Quality depends heavily on the extractor. Sloppy extraction creates noisy edges that send the traversal off in wrong directions. Domain-specific schemas (predefining allowed relationship types) help, but limit flexibility.

Graph traversal can also blow up. A few hops in a dense graph pulls in thousands of nodes. You need pruning rules: limit depth, score edges by frequency, or rank nodes by centrality.

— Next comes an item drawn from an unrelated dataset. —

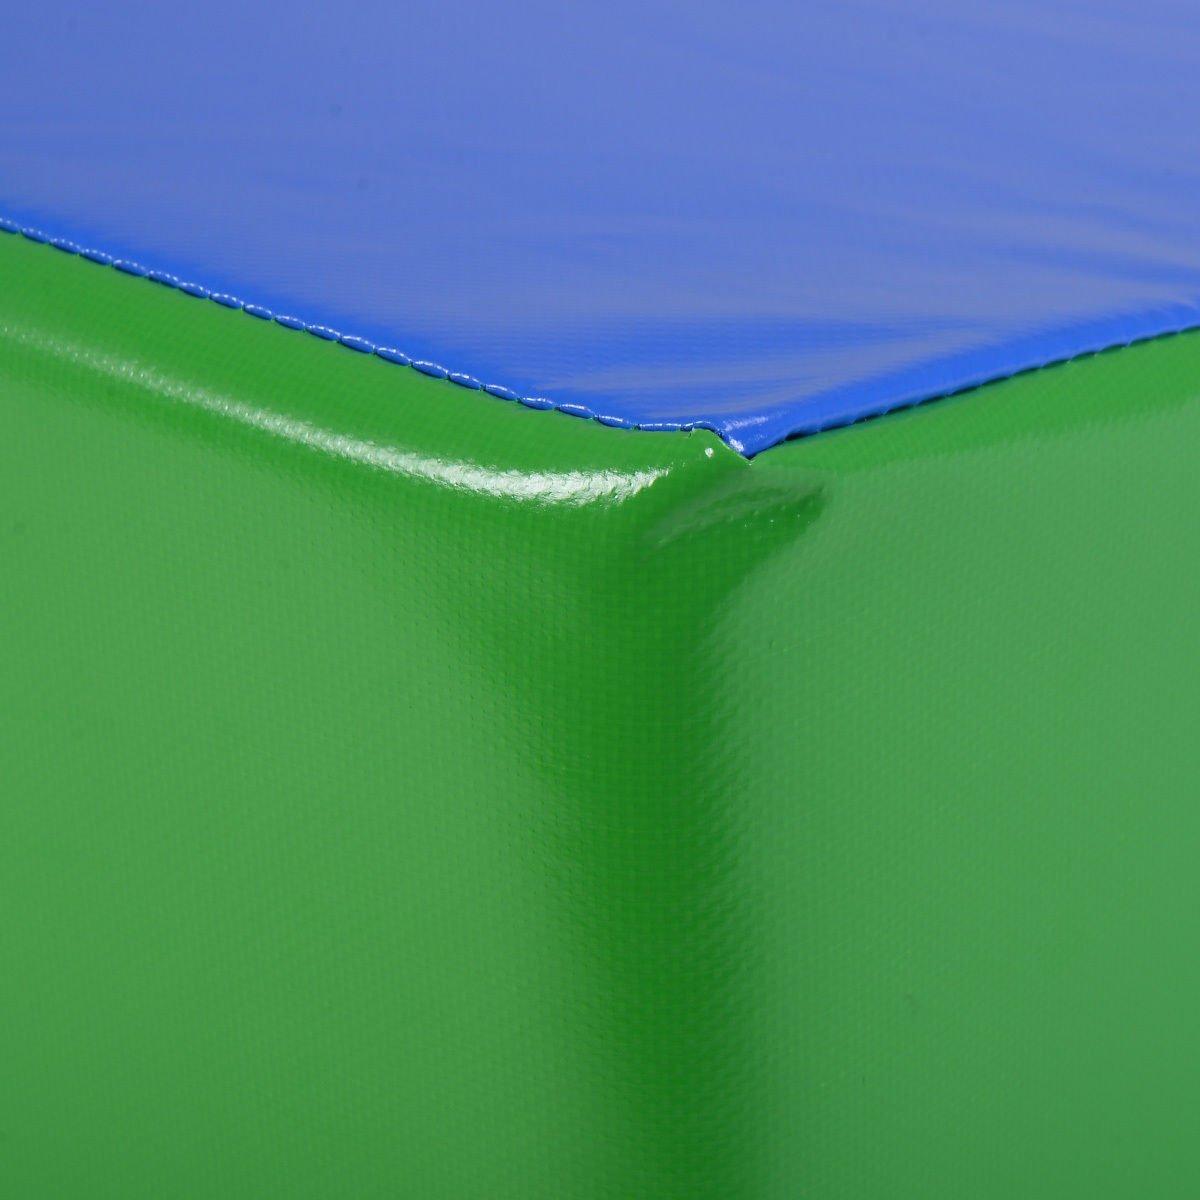 Incline Gymnastics Mat Wedge Folding Gymnastics Gym Fitness Tumbling 48''x24''x14'' by BUY JOY (Image #7)

Finally, Graph RAG adds operational complexity: another database to run, another extraction pipeline, another failure mode. Reach for it only when the questions you want to answer truly demand it.

Practical Tips

  • Start with vanilla RAG. Switch to Graph RAG only when you can name three real questions it would unlock.
  • Constrain the extractor with a relationship schema. Free-form triples become noise quickly.
  • Cache and version the graph. Rebuilds are expensive; incremental updates are valuable.
  • Combine graph context with text chunks in the final prompt. The graph gives structure, the text gives nuance.
  • Use community detection or hierarchical summaries for broad questions and direct traversal for narrow ones.
  • Monitor extraction quality with spot checks. A 5 percent error rate in triples can sink retrieval.

Wrap-up

Graph RAG shines on multi-hop and relationship-heavy questions where vector search alone falls short. By turning unstructured text into a navigable graph of entities and relations, it gives the LLM structured context to reason with. It costs more to build and maintain, so use it where its strengths matter most: connected, evolving domains like enterprise knowledge, research, and intelligence.